**WORK REQUEST**
Shown below are entries with pictures; the line with "DYMO LabelManager 160" through the line with "Classic Sport Car" is the span to retype exactly, and the pictures stay out.

**RECORD EXTRACTS**
>>>
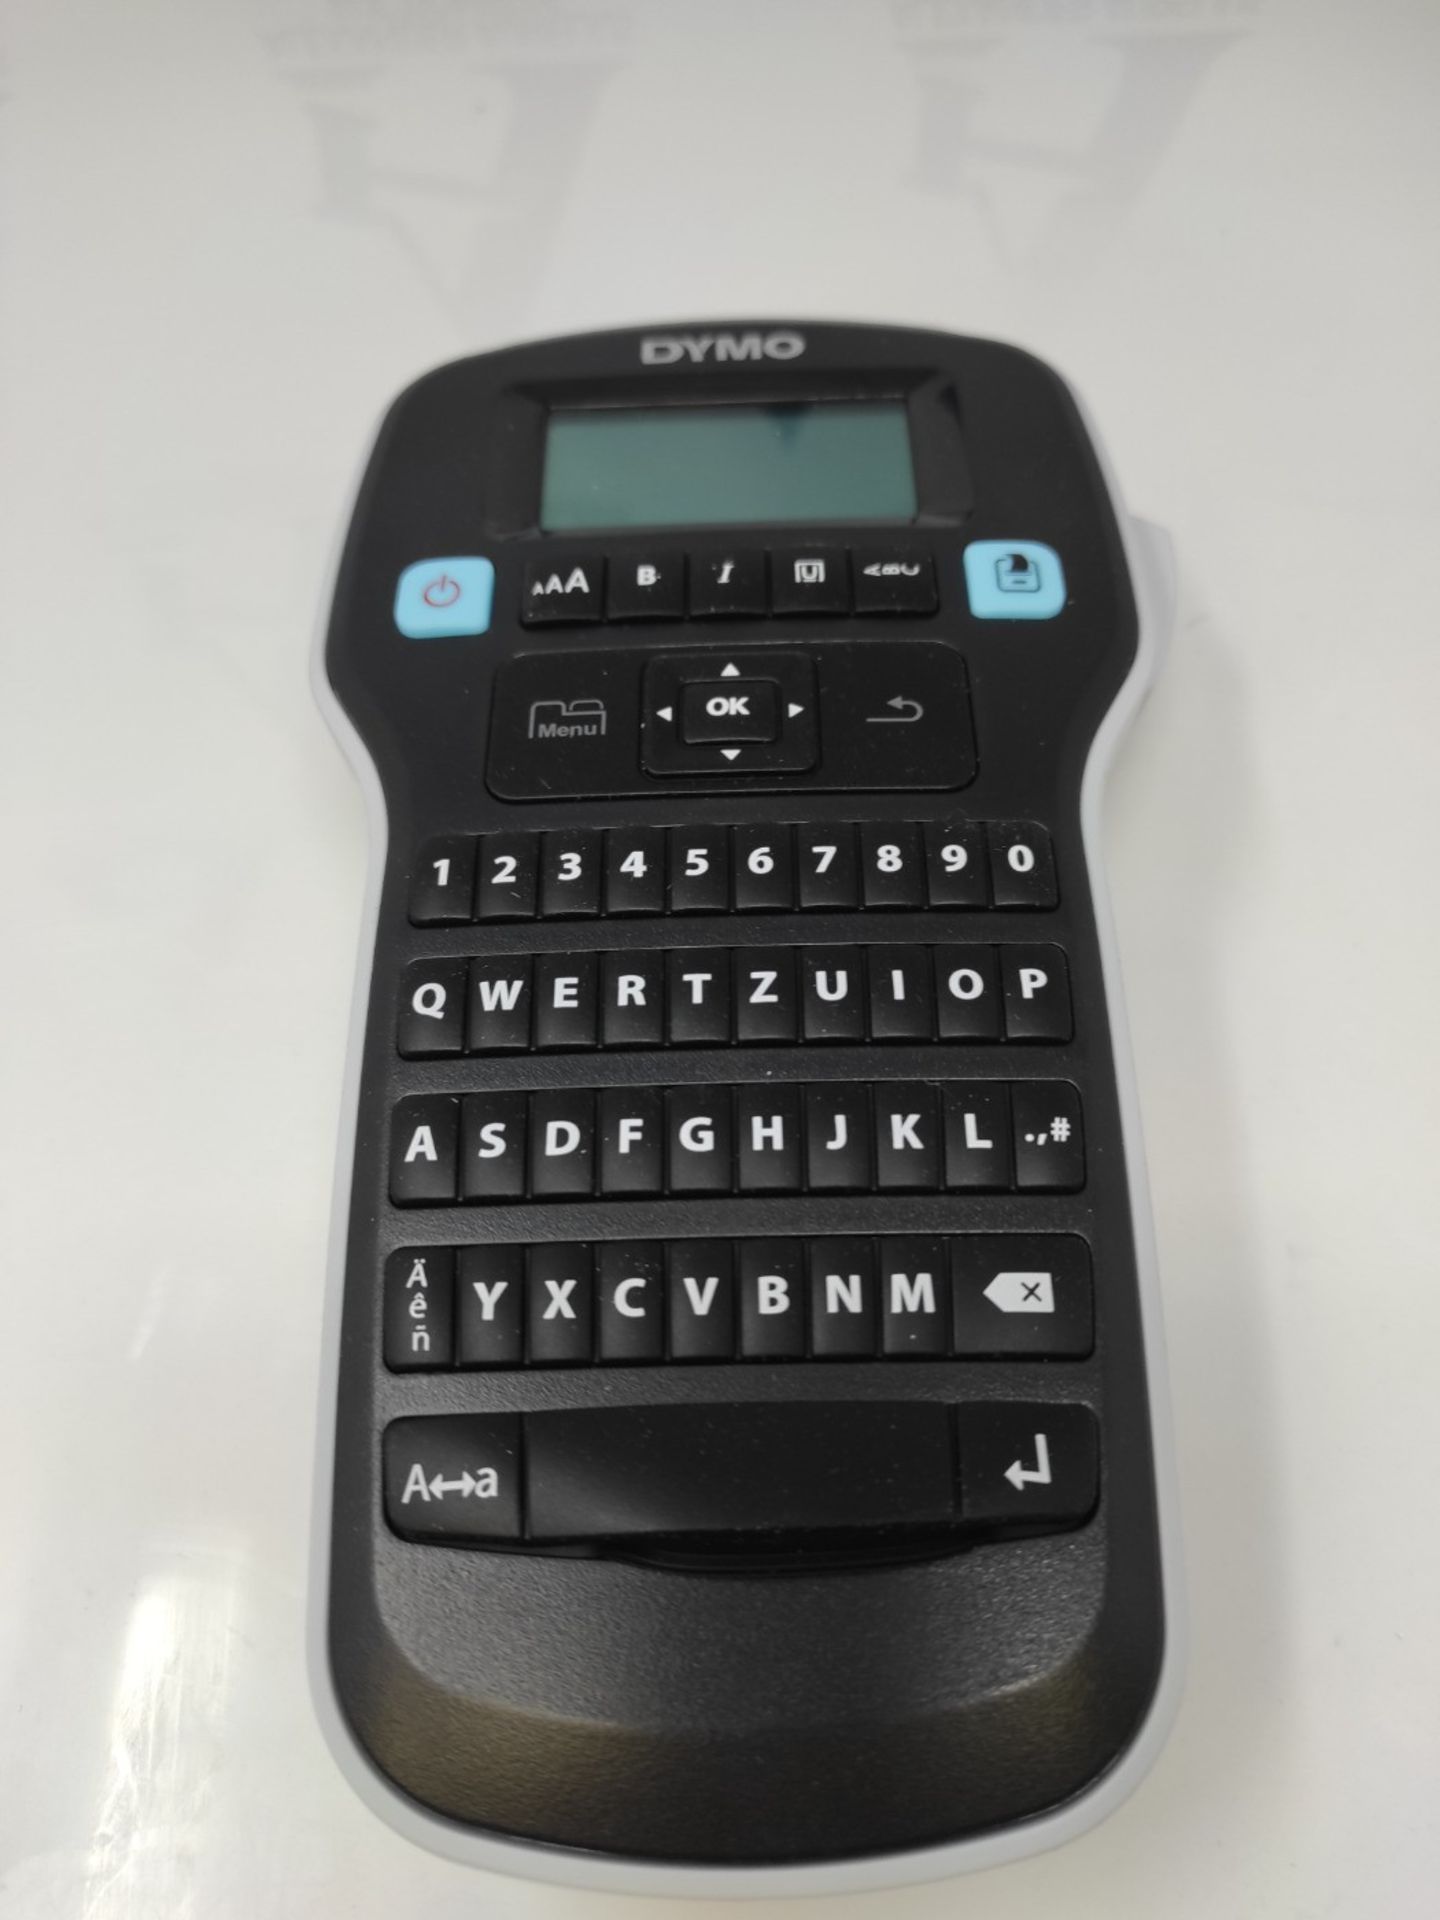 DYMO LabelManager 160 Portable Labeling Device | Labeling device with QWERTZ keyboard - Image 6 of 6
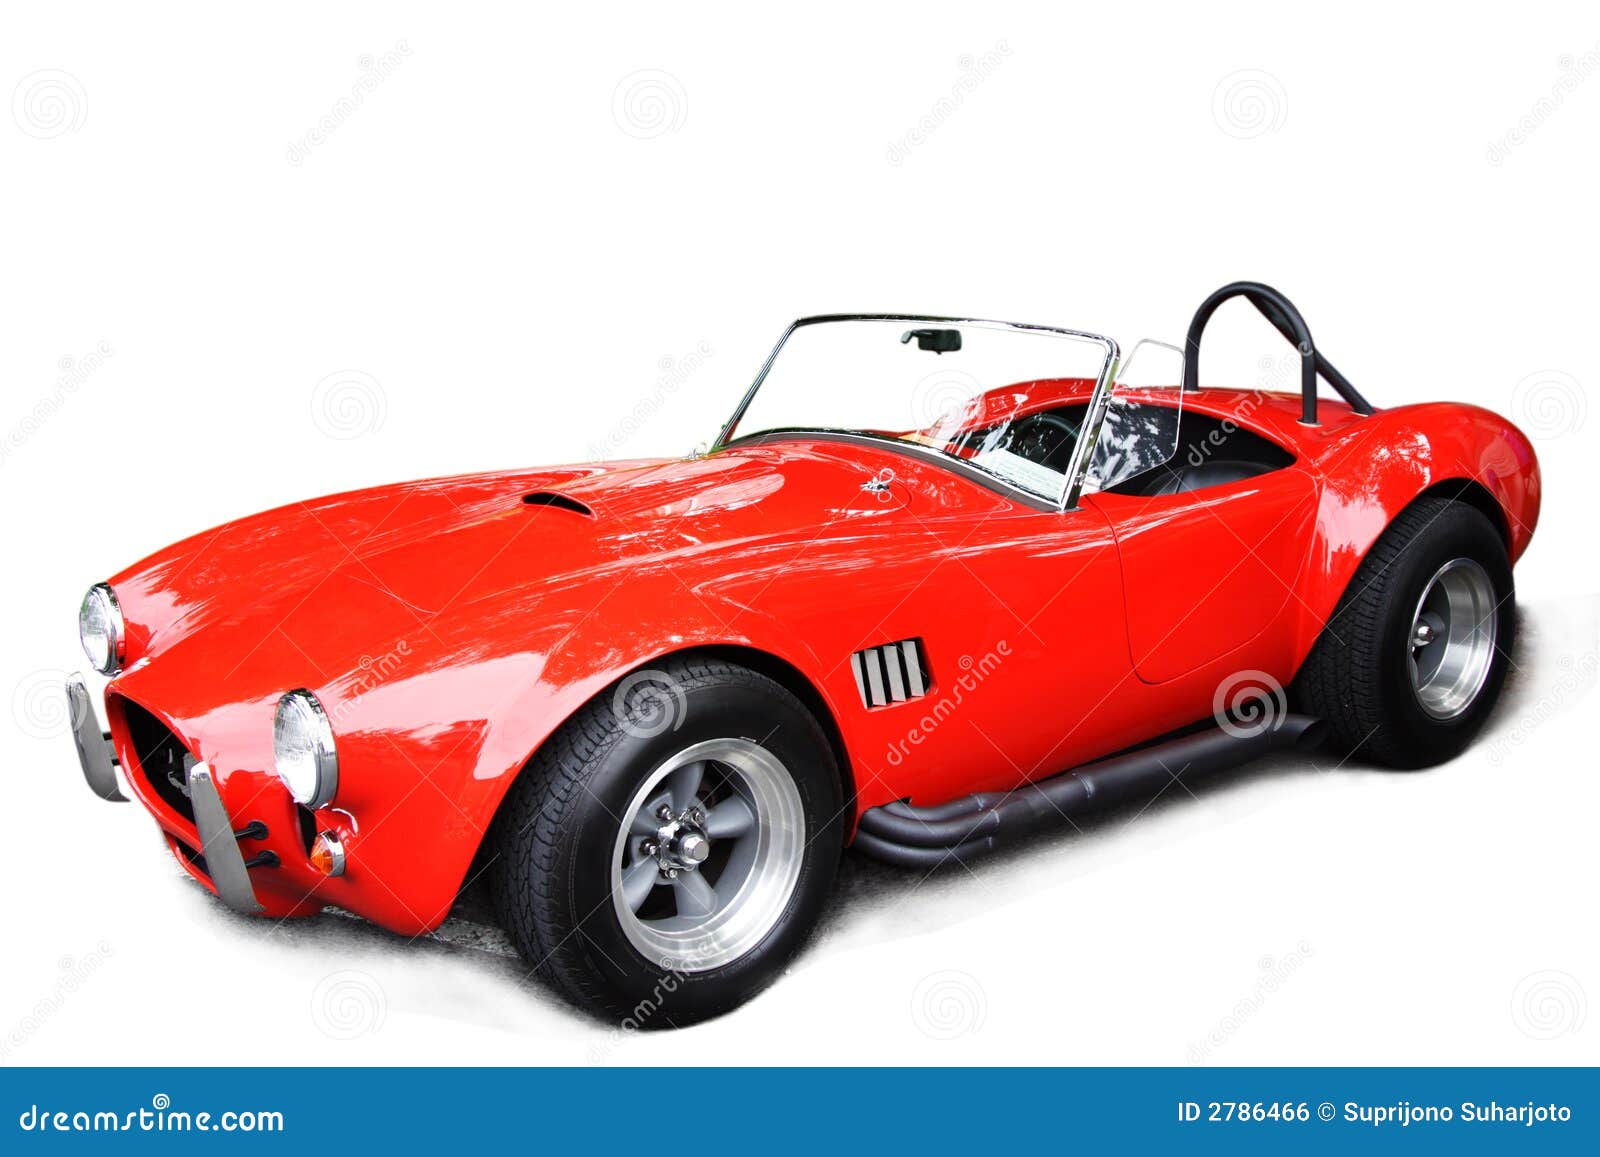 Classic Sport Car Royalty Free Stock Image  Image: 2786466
<<<
>>>
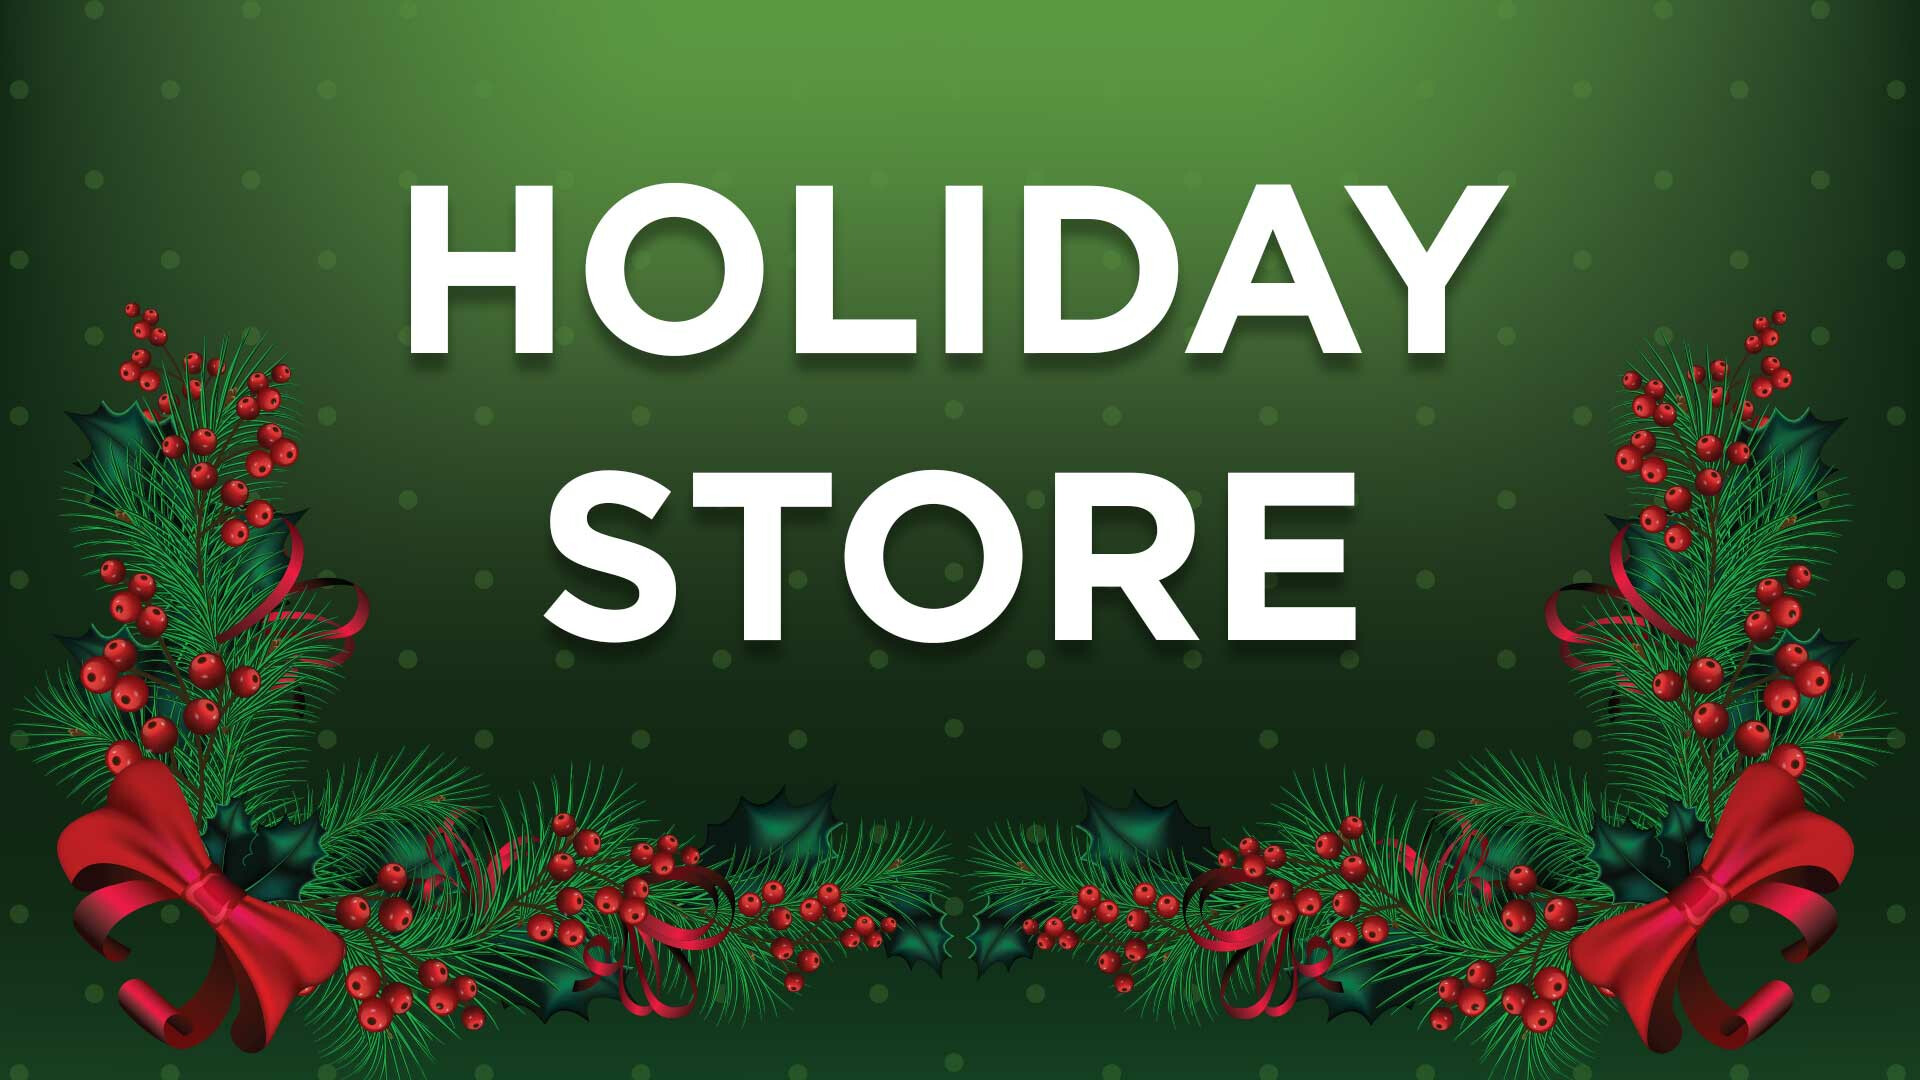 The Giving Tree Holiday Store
<<<
**SOLVED PROBLEM**
 DYMO LabelManager 160 Portable Labeling Device | Labeling device with QWERTZ keyboard - Image 6 of 6
 Classic Sport Car Royalty Free Stock Image  Image: 2786466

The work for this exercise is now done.